CustomerLake positions marketing execution closer to where enterprise data and AI models already live, using governed data access via Unity Catalog and integrations across the advertising and marketing stack. Databricks also says the system is designed to support 1:1 personalized experiences “a billion times a day,” framing the product around always-on, automated decision loops rather than batch campaign cycles.
Table of contents
Jump to each section:
- What CustomerLake changes in Databricks’ platform strategy
- How an “agentic CDP” differs from legacy CDP workflows
- Competitive pressure in the enterprise CDP market
- Implications for marketing ops, data teams, and measurement
What CustomerLake changes in Databricks’ platform strategy
CustomerLake signals a deeper push by Databricks into the marketing and advertising software budget, not just the data platform budget. Rather than positioning as infrastructure that feeds downstream martech tools, Databricks is positioning CustomerLake as a layer where identity, segmentation, and activation can happen without moving customer data into a separate CDP environment.
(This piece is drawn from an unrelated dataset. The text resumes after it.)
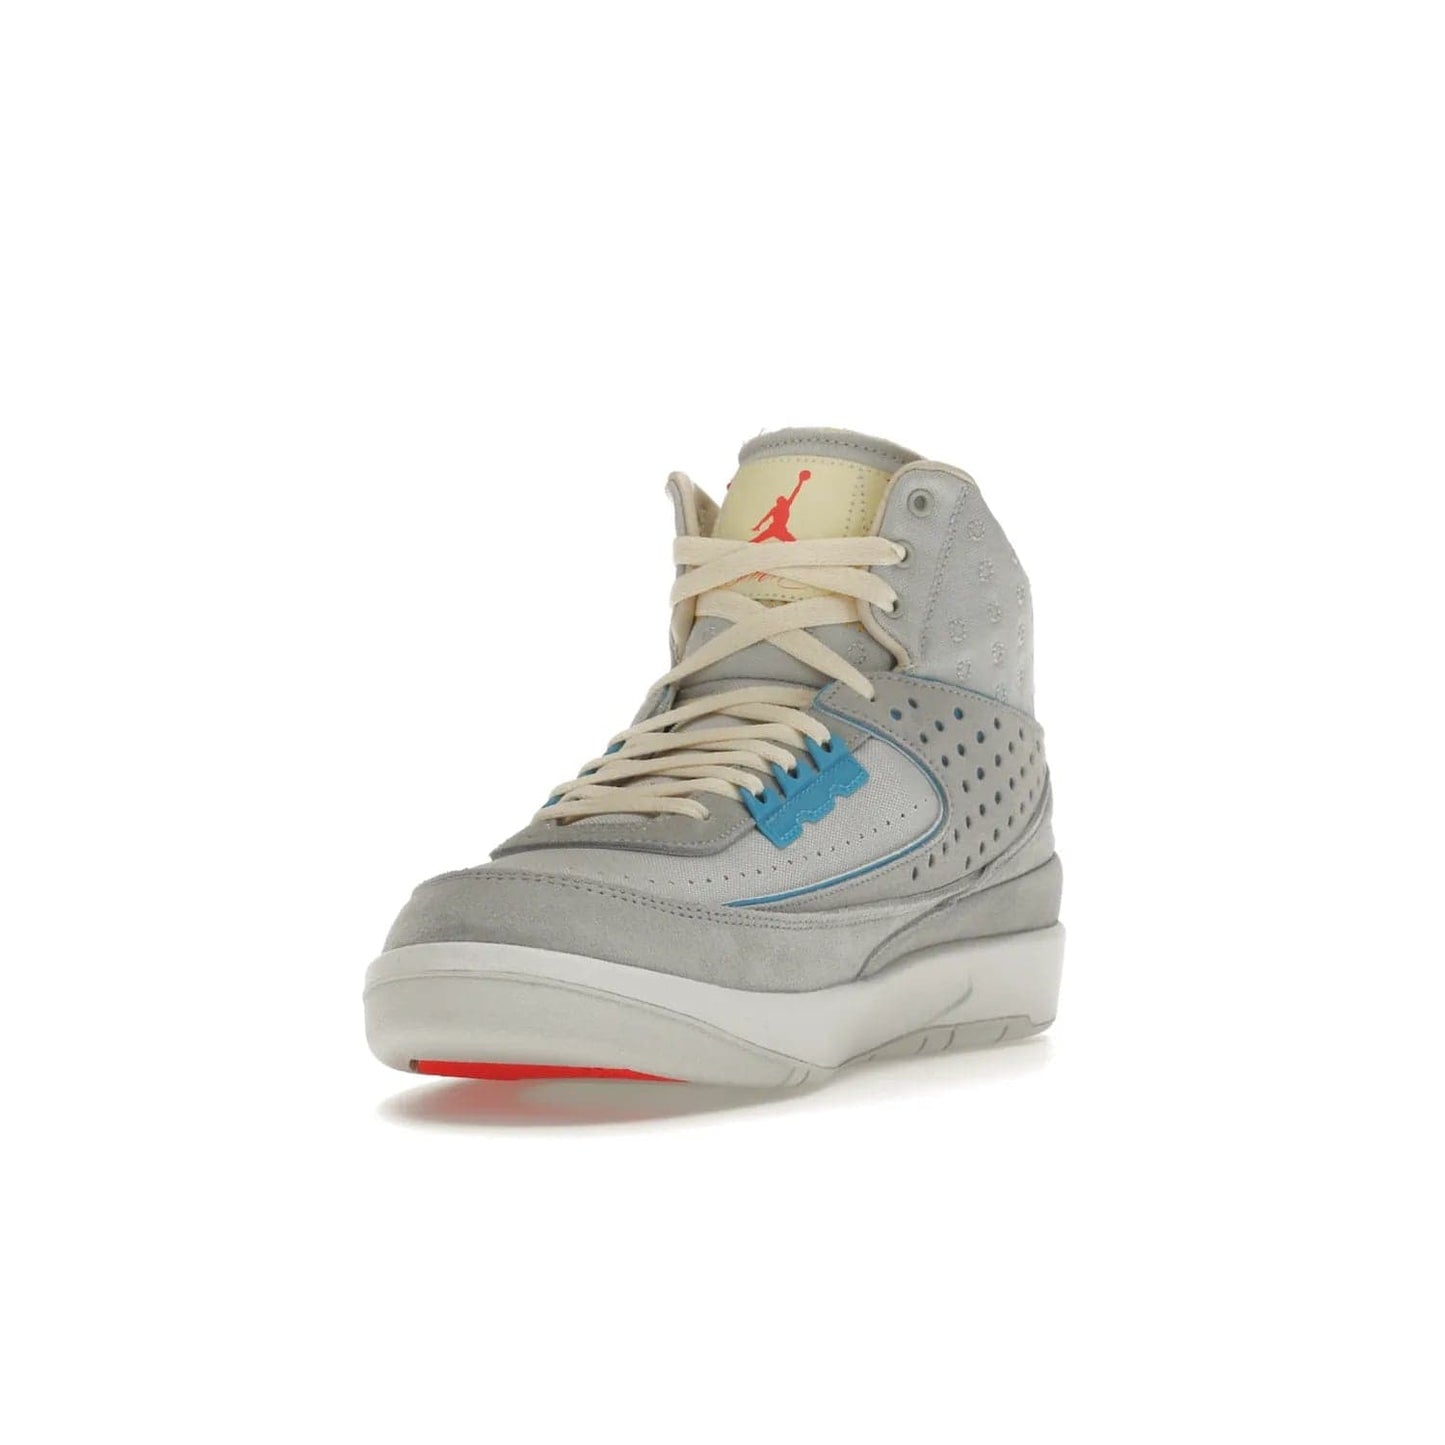 Jordan 2 Retro SP Union Grey Fog - Image 13 - Only at www.BallersClubKickz.com - Introducing the Air Jordan 2 Retro SP Union Grey Fog. This intricate sneaker design features a grey canvas upper with light blue eyelets, eyestay patches, and piping, plus custom external tags. Dropping in April 2022, this exclusive release offers a worn-in look and feel.

For enterprises already standardizing analytics and AI development on Databricks, that proposition targets a common pain point: duplicative customer datasets, lag from pipelines, and governance gaps created when marketing stacks rely on copies and exports. If CustomerLake works as described, it becomes an argument for consolidating parts of the martech stack around the same governed data foundation used by finance, product, and operations.
How an “agentic CDP” differs from legacy CDP workflows
Databricks frames legacy CDPs as campaign-centric systems built around a waterfall process: plan, build audiences, ship campaigns, then measure. CustomerLake is presented as an alternative built around continuous loops, where agents analyze behavior, decide what to do, and execute actions in near real time.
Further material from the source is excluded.